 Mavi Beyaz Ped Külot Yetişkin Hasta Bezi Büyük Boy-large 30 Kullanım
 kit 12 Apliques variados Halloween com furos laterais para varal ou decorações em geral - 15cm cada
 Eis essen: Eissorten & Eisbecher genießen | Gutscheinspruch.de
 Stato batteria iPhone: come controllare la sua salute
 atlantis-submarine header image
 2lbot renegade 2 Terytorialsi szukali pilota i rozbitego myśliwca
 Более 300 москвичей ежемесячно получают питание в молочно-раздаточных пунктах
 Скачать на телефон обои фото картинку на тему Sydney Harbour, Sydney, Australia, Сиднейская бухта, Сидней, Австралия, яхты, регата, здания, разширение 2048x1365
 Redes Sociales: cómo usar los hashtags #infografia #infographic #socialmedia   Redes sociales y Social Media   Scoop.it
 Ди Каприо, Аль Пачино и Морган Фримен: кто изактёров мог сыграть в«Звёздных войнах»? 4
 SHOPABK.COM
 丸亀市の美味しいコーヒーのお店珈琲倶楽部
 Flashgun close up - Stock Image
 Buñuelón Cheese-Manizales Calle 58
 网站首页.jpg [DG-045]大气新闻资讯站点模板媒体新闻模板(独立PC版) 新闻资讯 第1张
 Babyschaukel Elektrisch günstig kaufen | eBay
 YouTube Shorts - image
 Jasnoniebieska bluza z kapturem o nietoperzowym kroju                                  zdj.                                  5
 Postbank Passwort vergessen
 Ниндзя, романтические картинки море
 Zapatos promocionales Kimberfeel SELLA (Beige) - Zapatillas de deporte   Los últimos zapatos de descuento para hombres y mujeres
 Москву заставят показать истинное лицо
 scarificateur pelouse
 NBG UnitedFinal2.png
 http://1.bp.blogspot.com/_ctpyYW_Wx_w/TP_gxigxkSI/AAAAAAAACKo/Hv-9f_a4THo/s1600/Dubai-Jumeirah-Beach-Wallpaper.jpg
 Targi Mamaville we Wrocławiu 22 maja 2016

● ● ● ● ● ● ●

» Your objective
Word for word, copy the material above.

» Response
 Mavi Beyaz Ped Külot Yetişkin Hasta Bezi Büyük Boy-large 30 Kullanım
 kit 12 Apliques variados Halloween com furos laterais para varal ou decorações em geral - 15cm cada
 Eis essen: Eissorten & Eisbecher genießen | Gutscheinspruch.de
 Stato batteria iPhone: come controllare la sua salute
 atlantis-submarine header image
 2lbot renegade 2 Terytorialsi szukali pilota i rozbitego myśliwca
 Более 300 москвичей ежемесячно получают питание в молочно-раздаточных пунктах
 Скачать на телефон обои фото картинку на тему Sydney Harbour, Sydney, Australia, Сиднейская бухта, Сидней, Австралия, яхты, регата, здания, разширение 2048x1365
 Redes Sociales: cómo usar los hashtags #infografia #infographic #socialmedia   Redes sociales y Social Media   Scoop.it
 Ди Каприо, Аль Пачино и Морган Фримен: кто изактёров мог сыграть в«Звёздных войнах»? 4
 SHOPABK.COM
 丸亀市の美味しいコーヒーのお店珈琲倶楽部
 Flashgun close up - Stock Image
 Buñuelón Cheese-Manizales Calle 58
 网站首页.jpg [DG-045]大气新闻资讯站点模板媒体新闻模板(独立PC版) 新闻资讯 第1张
 Babyschaukel Elektrisch günstig kaufen | eBay
 YouTube Shorts - image
 Jasnoniebieska bluza z kapturem o nietoperzowym kroju                                  zdj.                                  5
 Postbank Passwort vergessen
 Ниндзя, романтические картинки море
 Zapatos promocionales Kimberfeel SELLA (Beige) - Zapatillas de deporte   Los últimos zapatos de descuento para hombres y mujeres
 Москву заставят показать истинное лицо
 scarificateur pelouse
 NBG UnitedFinal2.png
 http://1.bp.blogspot.com/_ctpyYW_Wx_w/TP_gxigxkSI/AAAAAAAACKo/Hv-9f_a4THo/s1600/Dubai-Jumeirah-Beach-Wallpaper.jpg
 Targi Mamaville we Wrocławiu 22 maja 2016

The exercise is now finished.